Segment Start: Data below

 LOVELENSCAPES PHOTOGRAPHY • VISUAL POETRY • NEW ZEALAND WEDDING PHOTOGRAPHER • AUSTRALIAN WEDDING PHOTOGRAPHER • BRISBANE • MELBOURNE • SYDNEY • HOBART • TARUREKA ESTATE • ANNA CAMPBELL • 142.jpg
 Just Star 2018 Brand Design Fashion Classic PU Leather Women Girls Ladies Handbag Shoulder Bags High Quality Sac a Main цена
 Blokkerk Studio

Segment End: Data below

- _Try it_: Everything in the listing must be reproduced exactly; please include every line.

- _Exercise result_:
 LOVELENSCAPES PHOTOGRAPHY • VISUAL POETRY • NEW ZEALAND WEDDING PHOTOGRAPHER • AUSTRALIAN WEDDING PHOTOGRAPHER • BRISBANE • MELBOURNE • SYDNEY • HOBART • TARUREKA ESTATE • ANNA CAMPBELL • 142.jpg
 Just Star 2018 Brand Design Fashion Classic PU Leather Women Girls Ladies Handbag Shoulder Bags High Quality Sac a Main цена
 Blokkerk Studio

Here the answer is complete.